Together, these have the effect of providing innocent parties
with a remedy, without removing altogether the requirement
for parties to negotiate carefully, and to distinguish terms of
their contract from other precontractual representations.
5.0 Tutorial Problems
Problem 3
Anyone for pizza?
Please watch the short animated video at the following link, and
then consider the questions below.
https://www.youtube.com/watch?v=9-sLw41mMLo
Cast your mind back to what you learned about contract
formation. Did Felicity have, at any time, a contract with Ron?
Go through the five elements of promissory estoppel outlined in
Waltons v Maher. Are all five of the elements met?
Draft a letter, on Felicity’s behalf, to Ron.
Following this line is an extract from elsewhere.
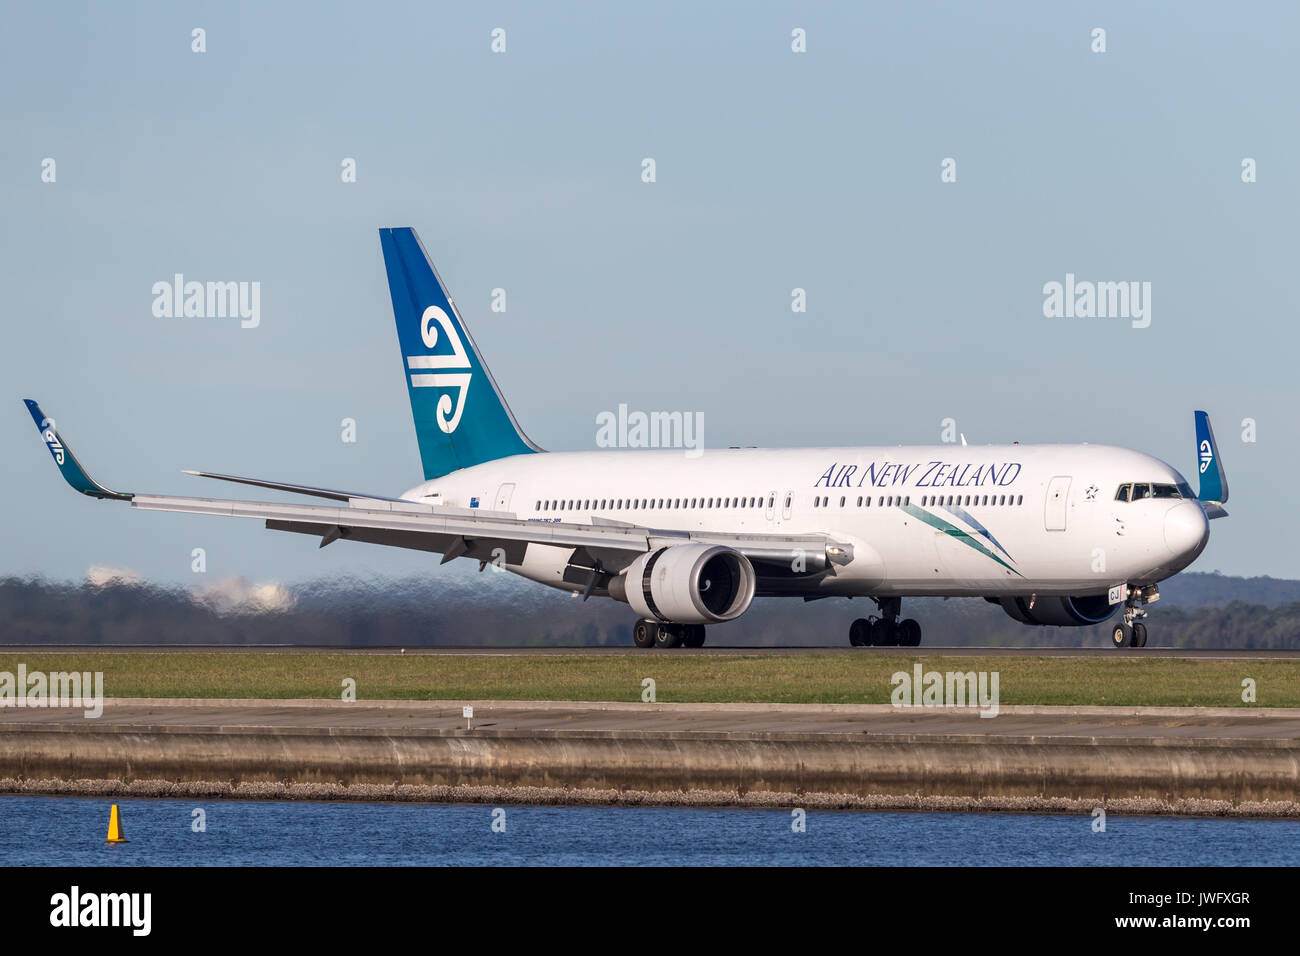 Air New Zealand Boeing 767 Landing at Sydney Airport. Stock Photo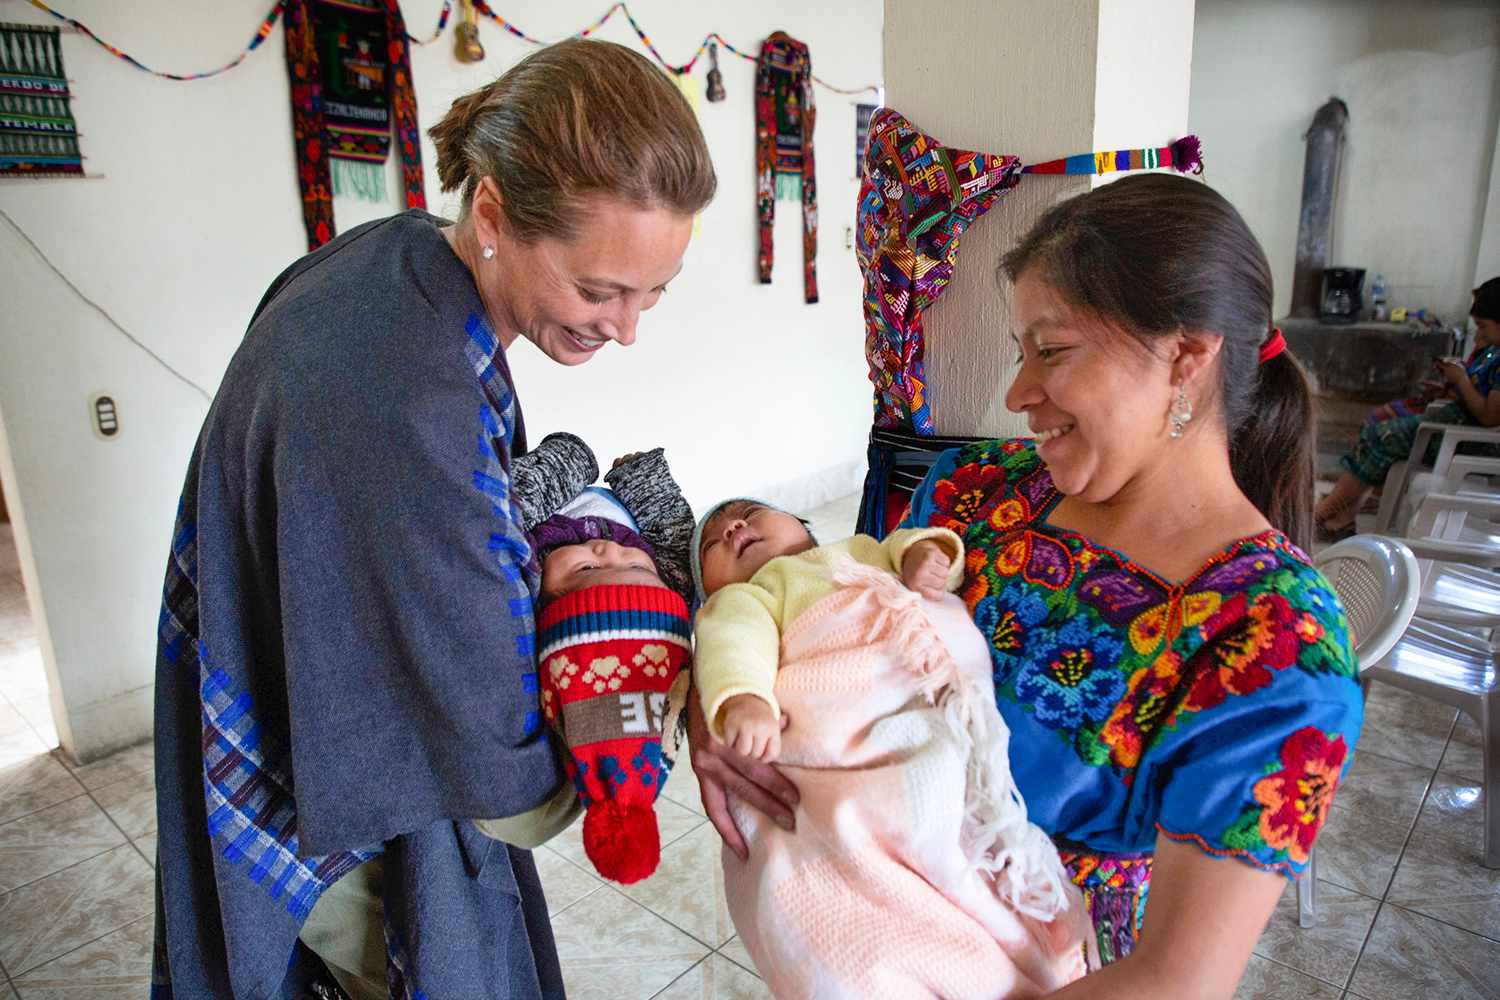 Christy Turlington Burns and a traditional midwife hold babies in Guatemala, 2019

Explain how you
consider the issue should be resolved, and what you consider
the legal consequences will be for him if he does not agree.
[60 Minutes]
6.0 Debrief
27
After completing this topic you should recognize:
That the legal term estoppel is used in a number of ways,
but we are concerned only with promissory, or equitable
estoppel (which are two terms for the same concept);
That the doctrine of promissory estoppel developed as a
doctrine of equity law, and is therefore distinct from the
usual common law rules of contract law;
That the doctrine of promissory estoppel developed slowly,
through a series of cases over hundreds of years;
That the key case which unlocks promissory estoppel in
Australia is Waltons Stores (Interstate) v Maher;
That there are five elements for promissory estoppel in
Australia:
o First, there must be a representation.
o Second, the person making the representation (the
representor) must induce the other person to rely
upon the representation.
o Third the person to whom the representation was
made (the representee) must actually rely upon the
representation.
o Fourth, the representor must know that the
representee is relying upon the representation.
o Finally, the representee’s reliance upon the
representation must result in them incurring some
detriment.
That the courts have a range of equitable remedies
available once an estoppel is made out.